### INSTRUCTIONS FOR THE TASK
Copying rule for the data below: take the line containing "TI-30X IIB, Casio fx-115ES, TI BA II Plus" and every line after it to the end, exactly, and drop all pictures.

### THE DATA
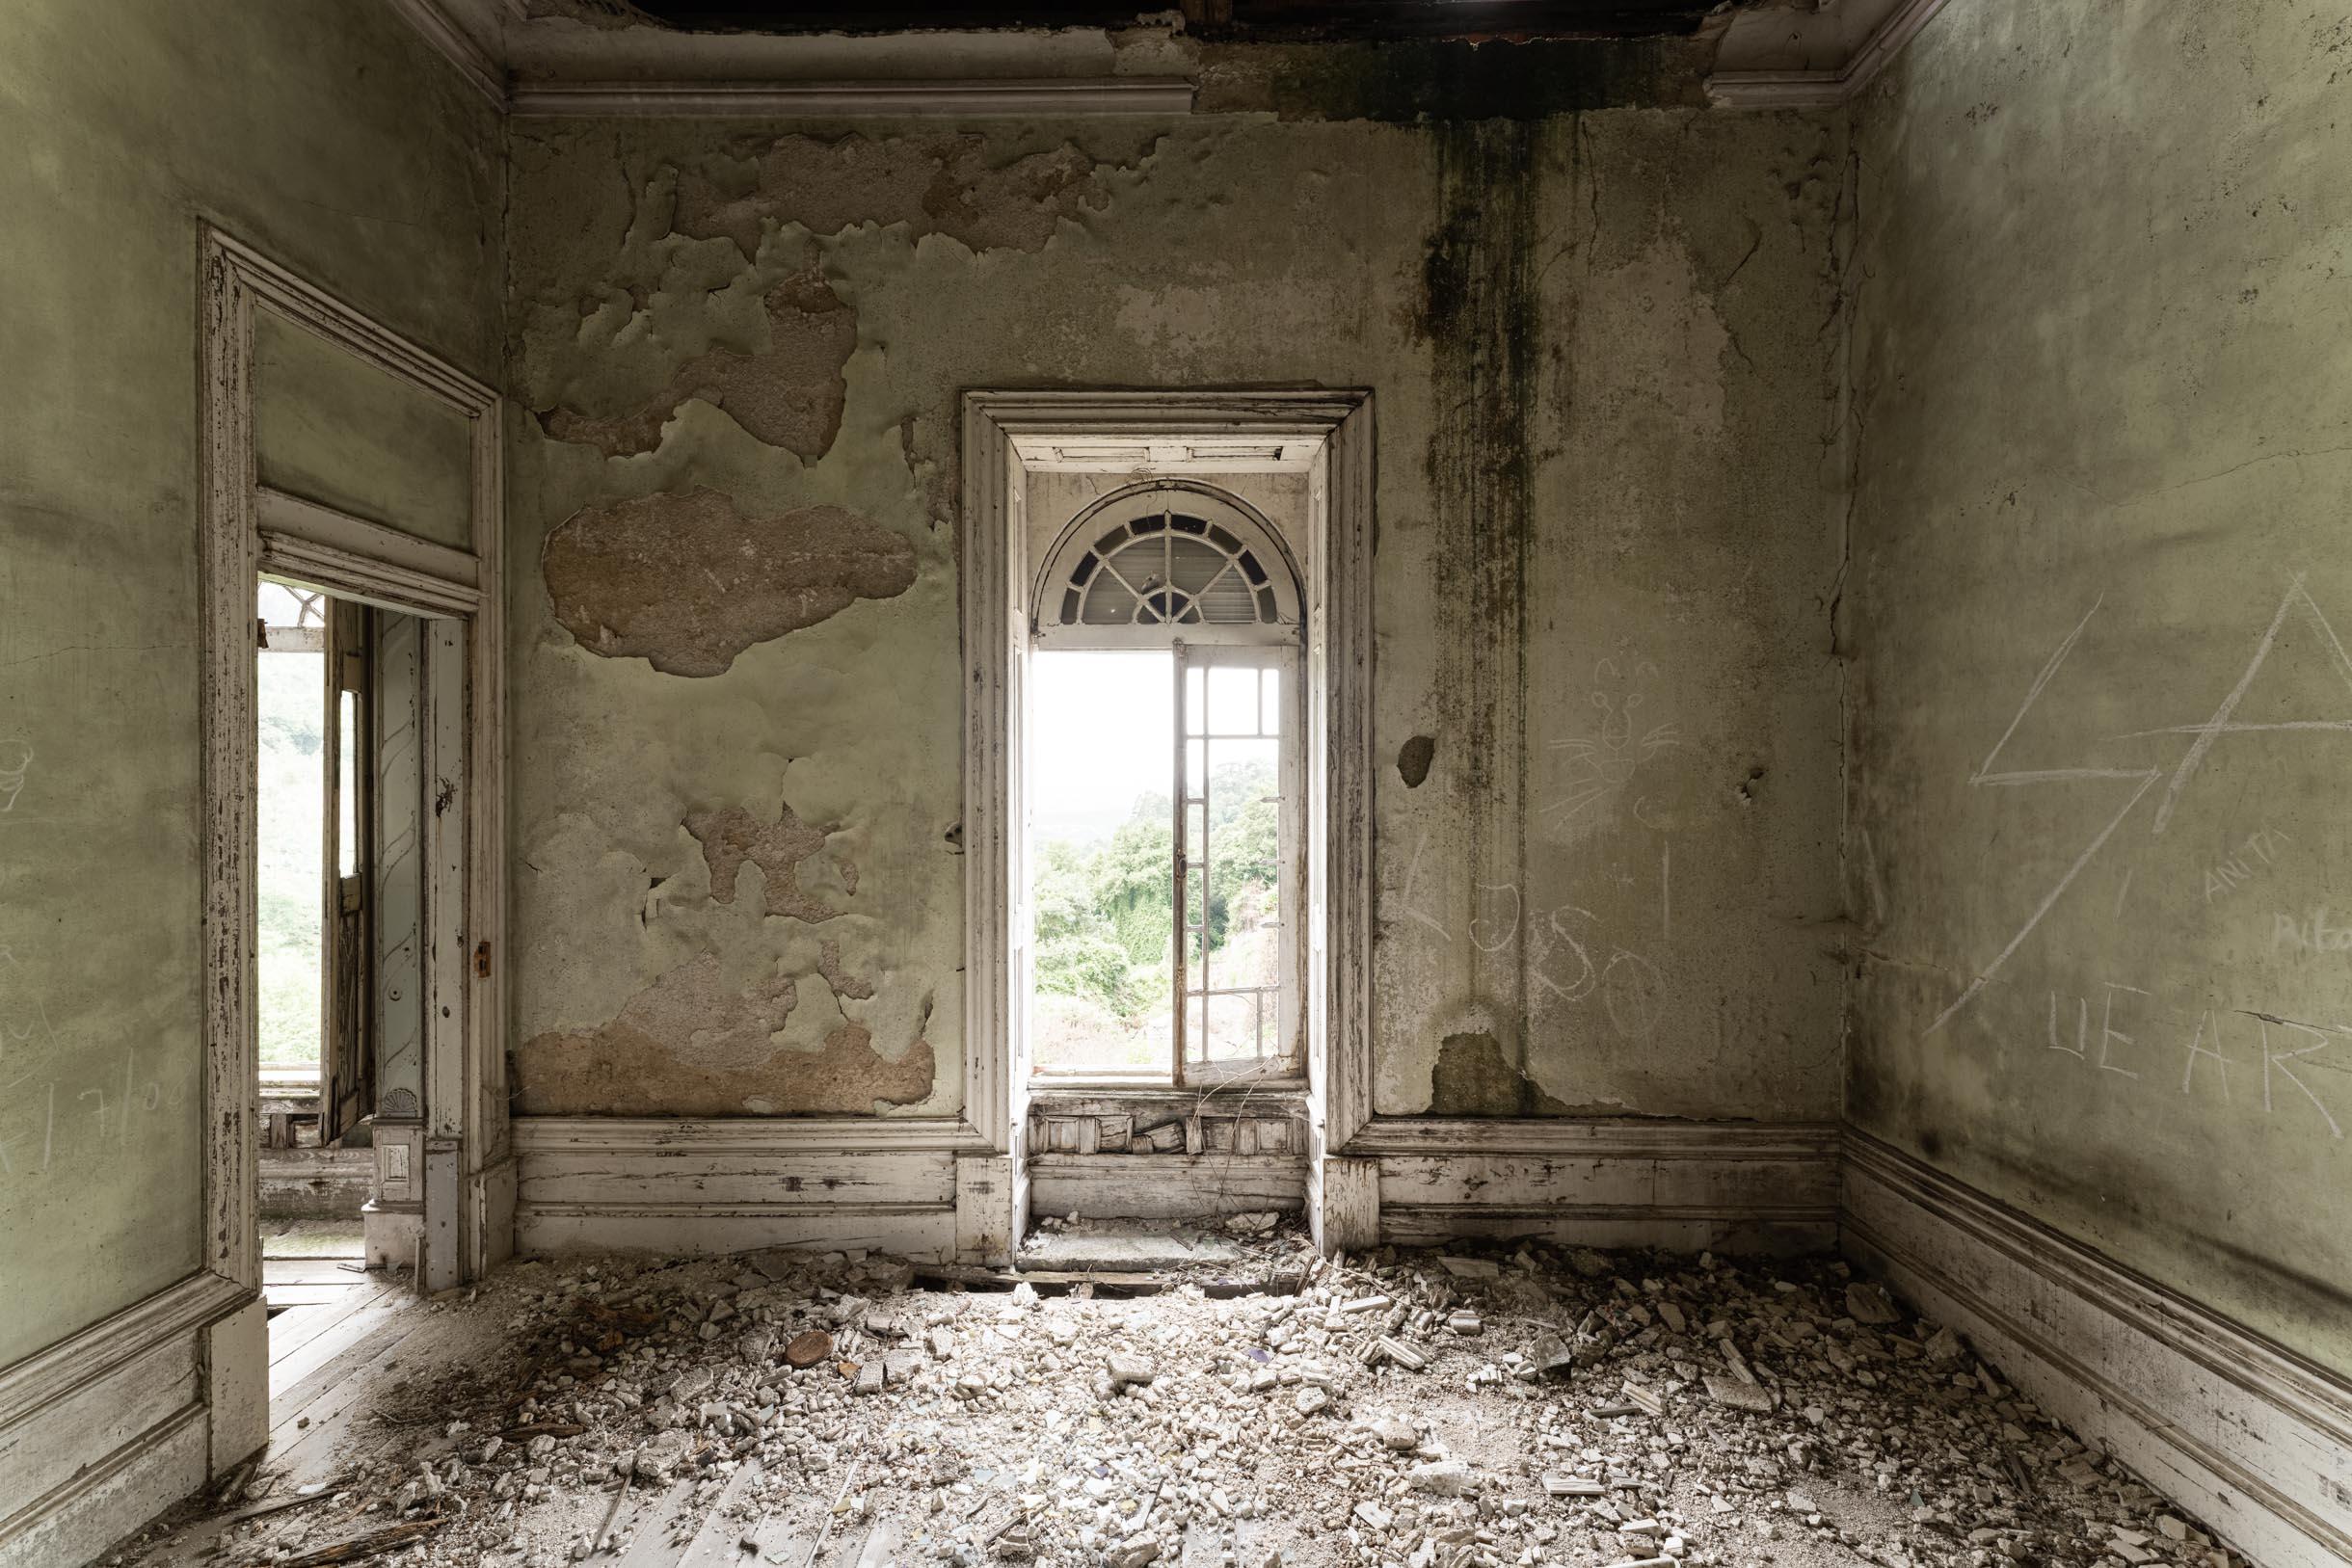 Dream Palace
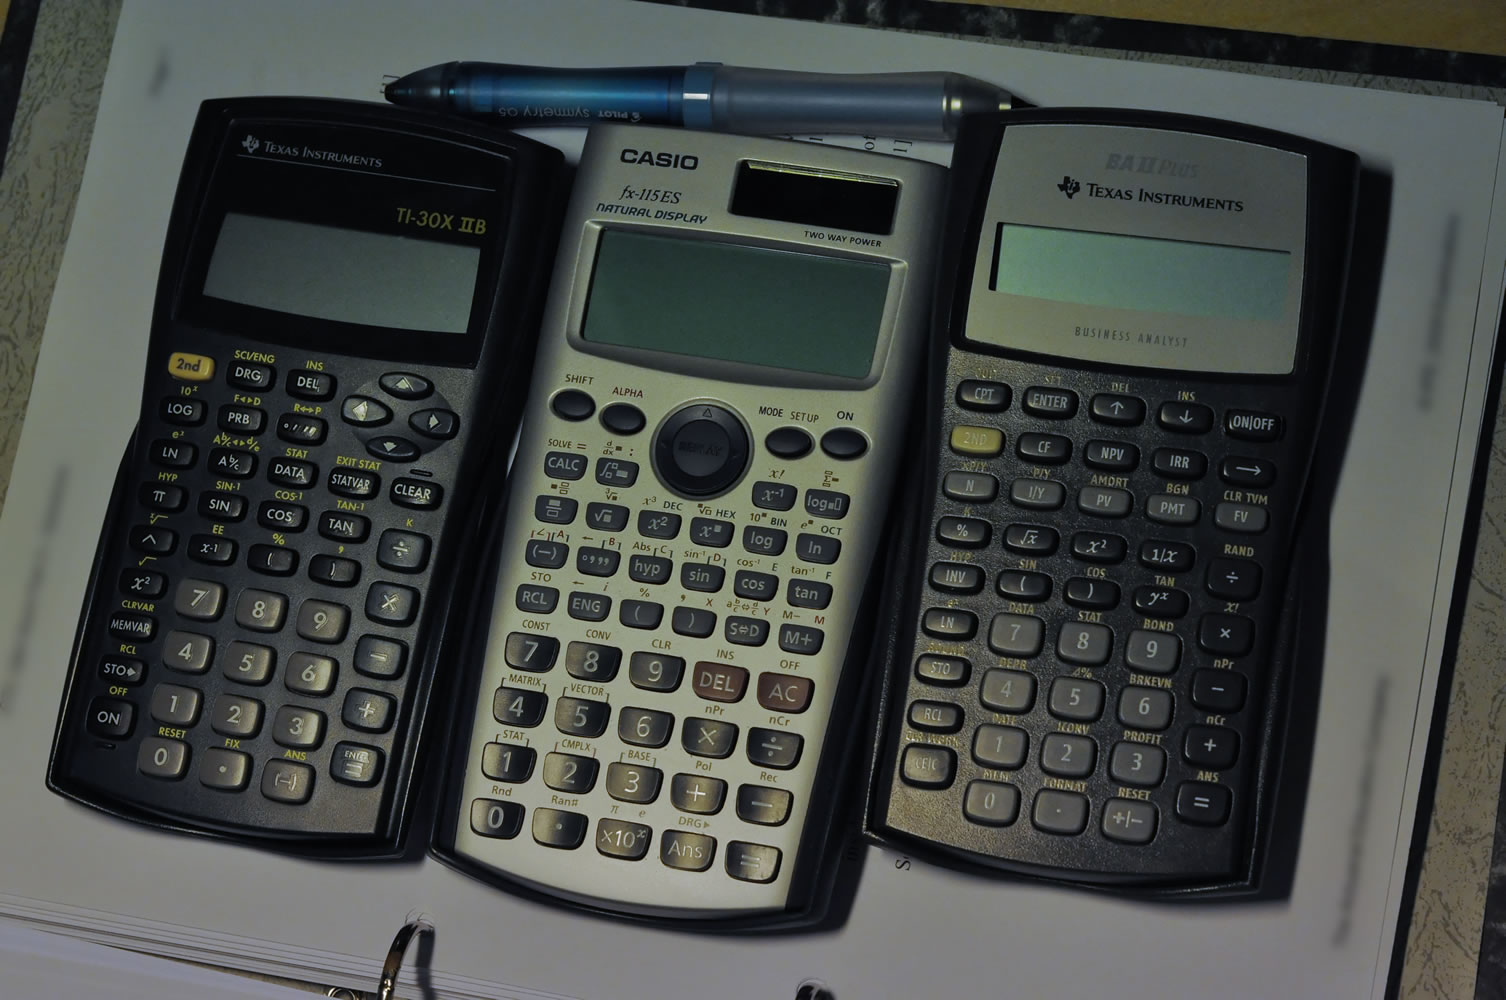 TI-30X IIB, Casio fx-115ES, TI BA II Plus
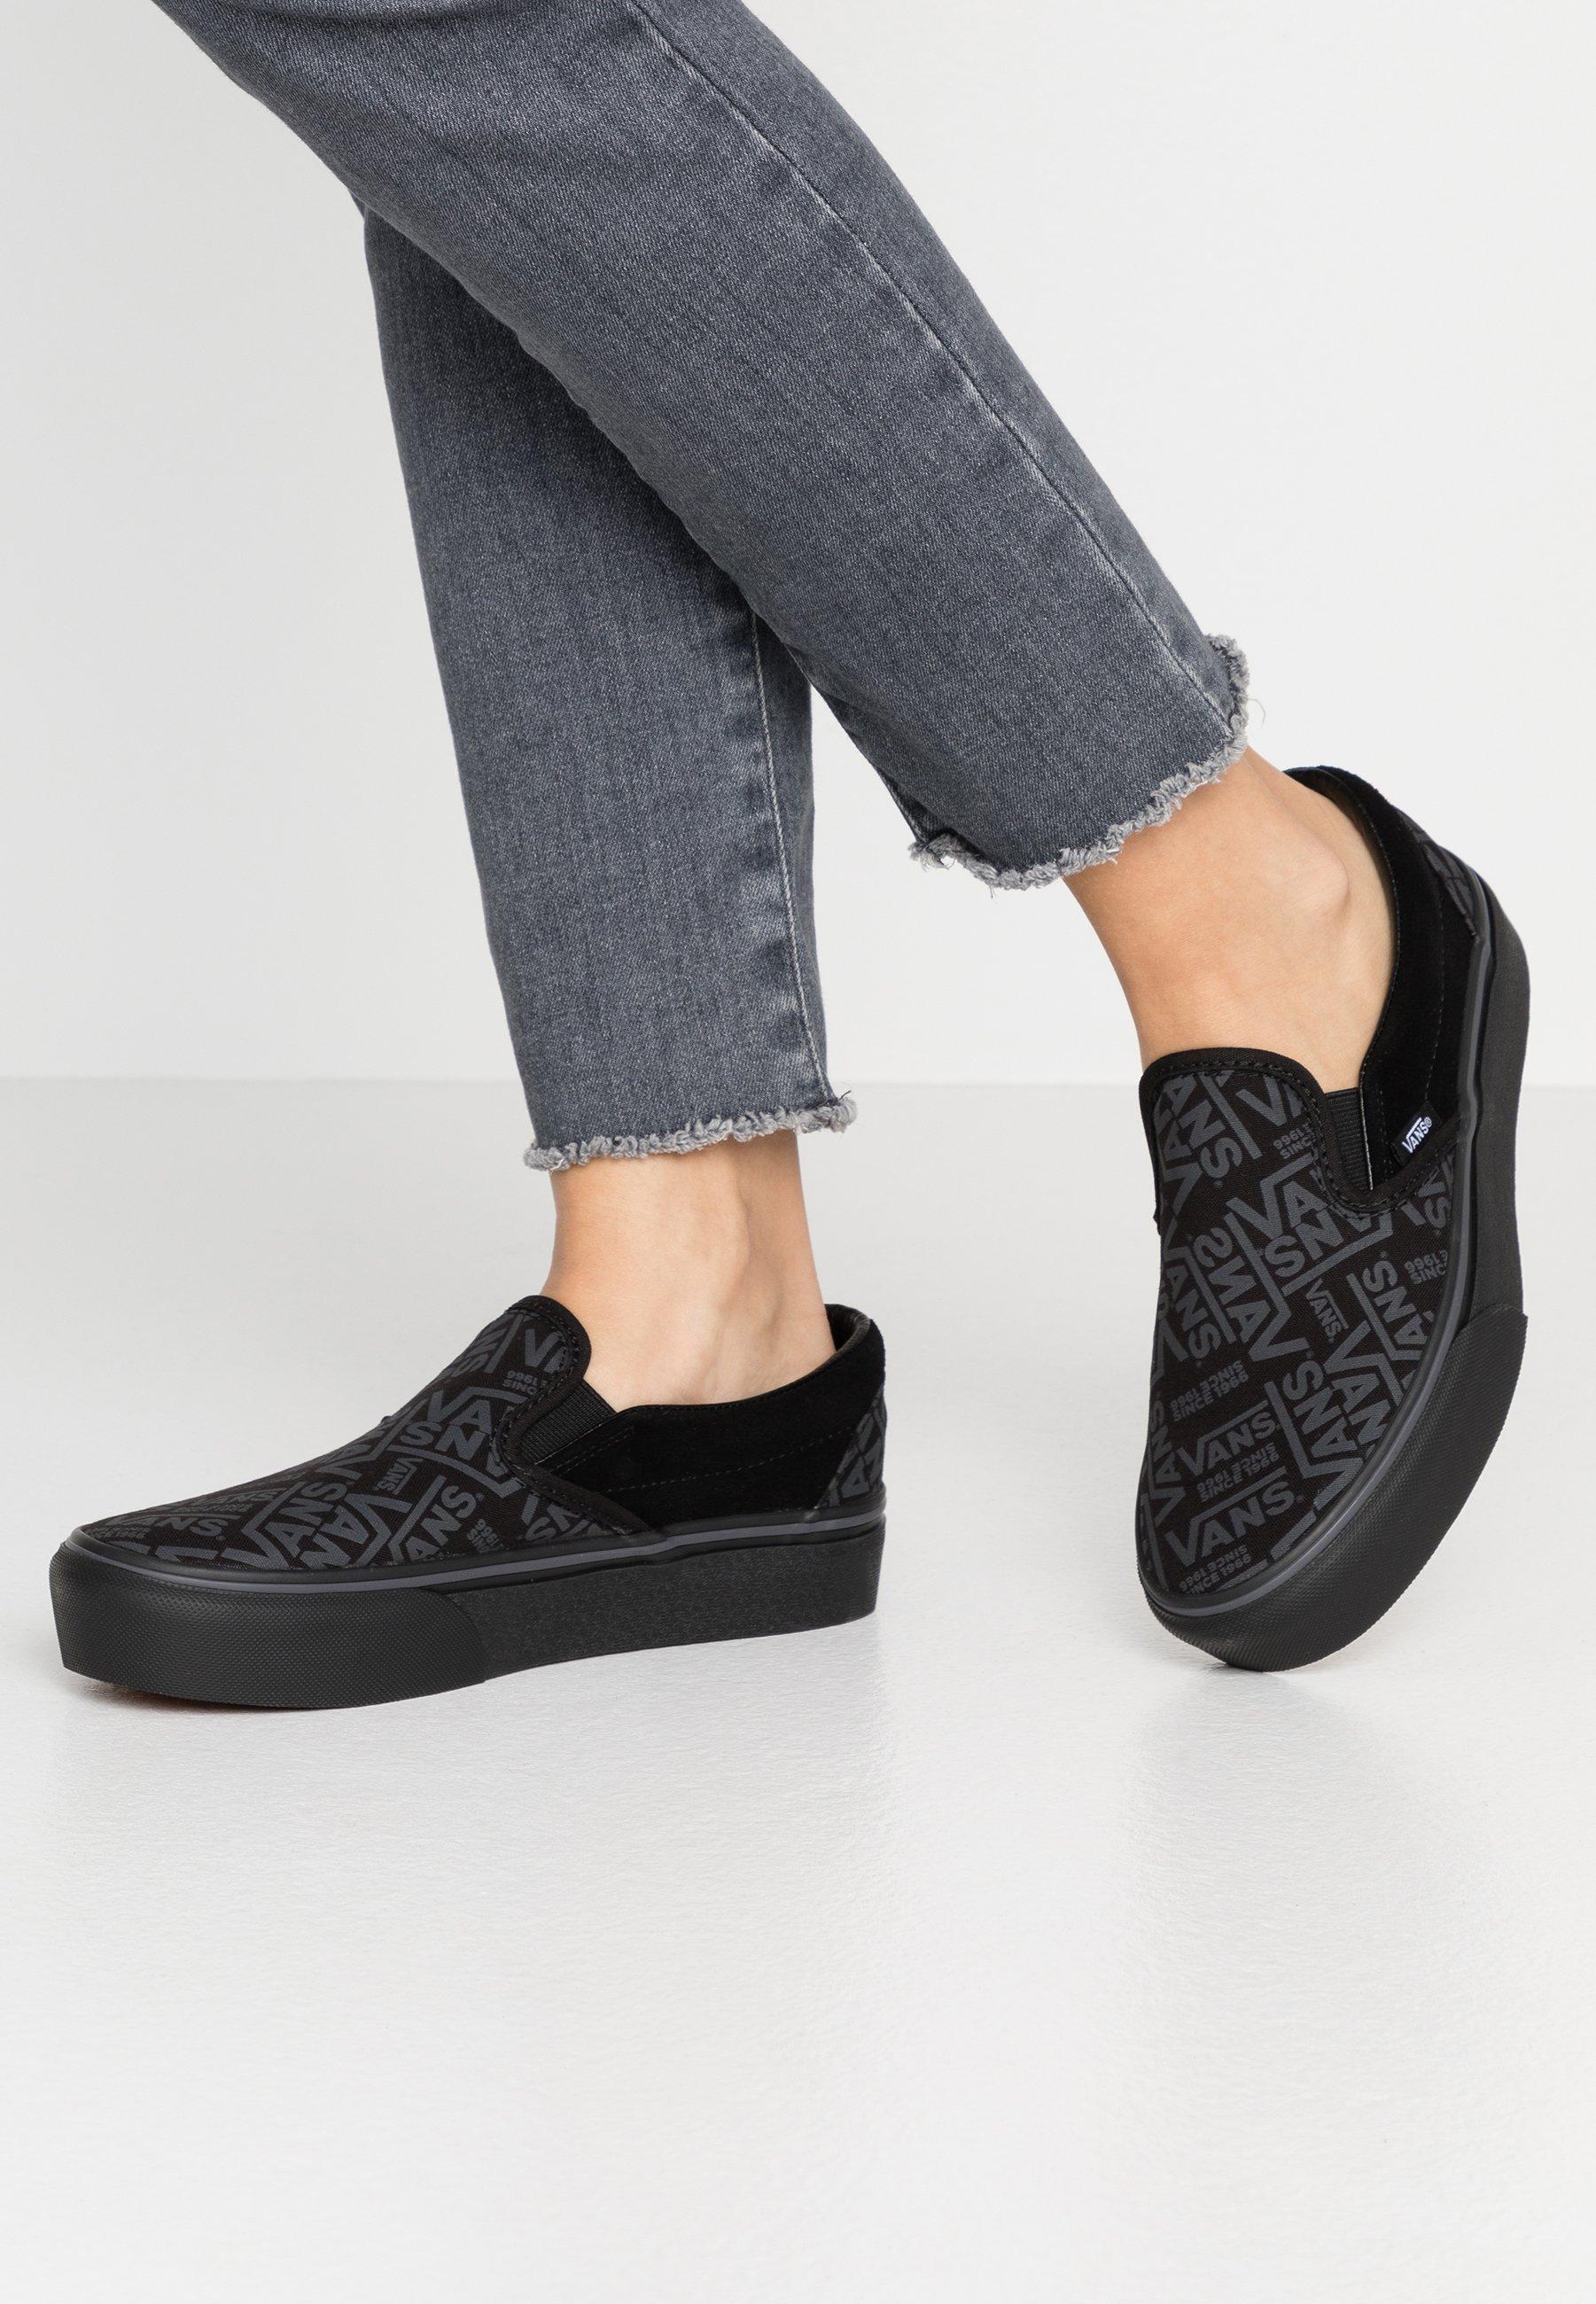 Gutes Angebot Vans CLASSIC - Slipper - black | Damenbekleidung 2020

### ANSWER SPACE
 TI-30X IIB, Casio fx-115ES, TI BA II Plus
 Gutes Angebot Vans CLASSIC - Slipper - black | Damenbekleidung 2020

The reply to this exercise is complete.